Sir, I must apologize for this unusually long introduction to a second reading but the complexities of the subject have made it necessary.

THE COLONIAL SECRETARY seconded.

MR R. C. LEE: —Sir, since the main object of the Bill is to deal with a point of Law now under consideration by the Privy Council

HONG KONG LEGISLATIVE COUNCIL 342

I feel that the matter is still sub-judice and I wish to abstain from voting. The question was put and agreed to.

The Bill was read a Second time.

Council then went into Committee to consider the Bill clause by clause.
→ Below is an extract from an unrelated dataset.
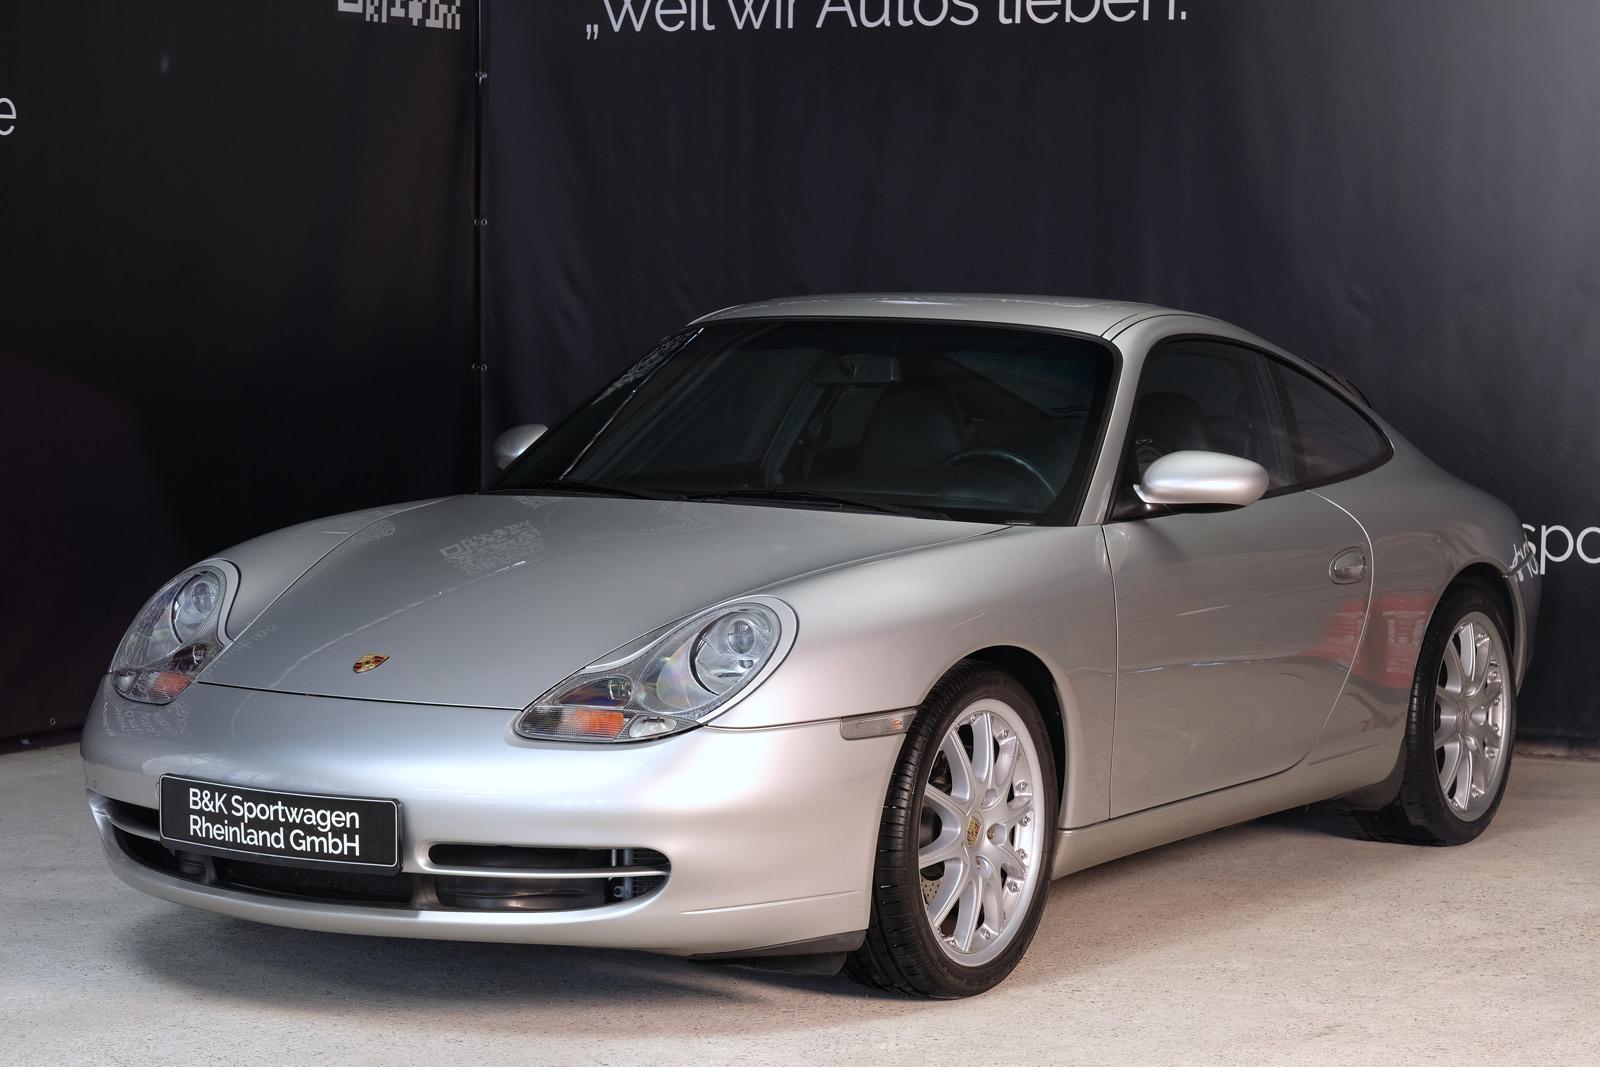 Porsche_911_996_carrera_2_coupe_silber

Clauses 1 and 2 were agreed to.

THE FINANCIAL SECRETARY: —Your Excellency, I beg to move that Clause 3 be amended as set forth in the papers before honourable Members.

Proposed Amendment

3. In the new subsection (2A) of section 12, leave out the words "'which shall be computed as if the full amount of the allowance had been granted" and substitute therefor the following—

“which shall be computed in the first place as if the full amount of the allowance had been granted and may then be apportioned in relation to the extent to which the machinery or plant concerned is or has been used in the production of such assessable income”.

Clause 3, as amended, was agreed to.

Clauses 4 to 6 were agreed to.

THE FINANCIAL SECRETARY: —Sir, I beg to move that Clause 7 be amended as set forth in the papers before honourable Members.

Proposed Amendment

7. In subsection (2) of the new section 16, leave out the words “which shall be computed as if the full amount of the allowance had been granted” and substitute therefor the following—

"which shall be computed in the first place as if the full amount of the allowance had been granted and may then be apportioned in relation to the extent to which the relevant assets are or have been used in the production of such profits".

Clause 7, as amended, was agreed to.

Clauses 8 to 11 were agreed to.

Council then resumed.

HONG KONG LEGISLATIVE COUNCIL 343

THE FINANCIAL SECRETARY reported that Inland Revenue (Amendment) Bill, 1964, had passed through Committee with certain amendments and moved the Third reading.

THE COLONIAL SECRETARY seconded.

The question was put and agreed to.

The Bill was read a Third time and passed into law.

SUPPLEMENTARY APPROPRIATION (1963-1964) BILL, 1964

THE FINANCIAL SECRETARY moved the Second reading of a Bill intituled "An Ordinance to authorize a supplementary appropriation to defray the charges of the financial year ended the 31st day of March 1964."

THE COLONIAL SECRETARY seconded.

The question was put and agreed to.

The Bill was read a Second time.

Council then went into Committee to consider the Bill clause by clause. Clauses 1 and 2 and the Schedule were agreed to.

Council then resumed.

THE FINANCIAL SECRETARY reported that the Bill before Council had passed through Committee without amendment and moved the Third reading.

THE COLONIAL SECRETARY seconded.

The question was put and agreed to.

The Bill was read a Third time and passed into law.

ADJOURNMENT

HIS EXCELLENCY THE GOVERNOR: —That concludes the business for today, gentlemen. When is it your pleasure that we should meet again?

THE ATTORNEY GENERAL: —May I suggest this day fortnight, Sir.

HIS EXCELLENCY THE GOVERNOR: —Council stands adjourned until this day fortnight.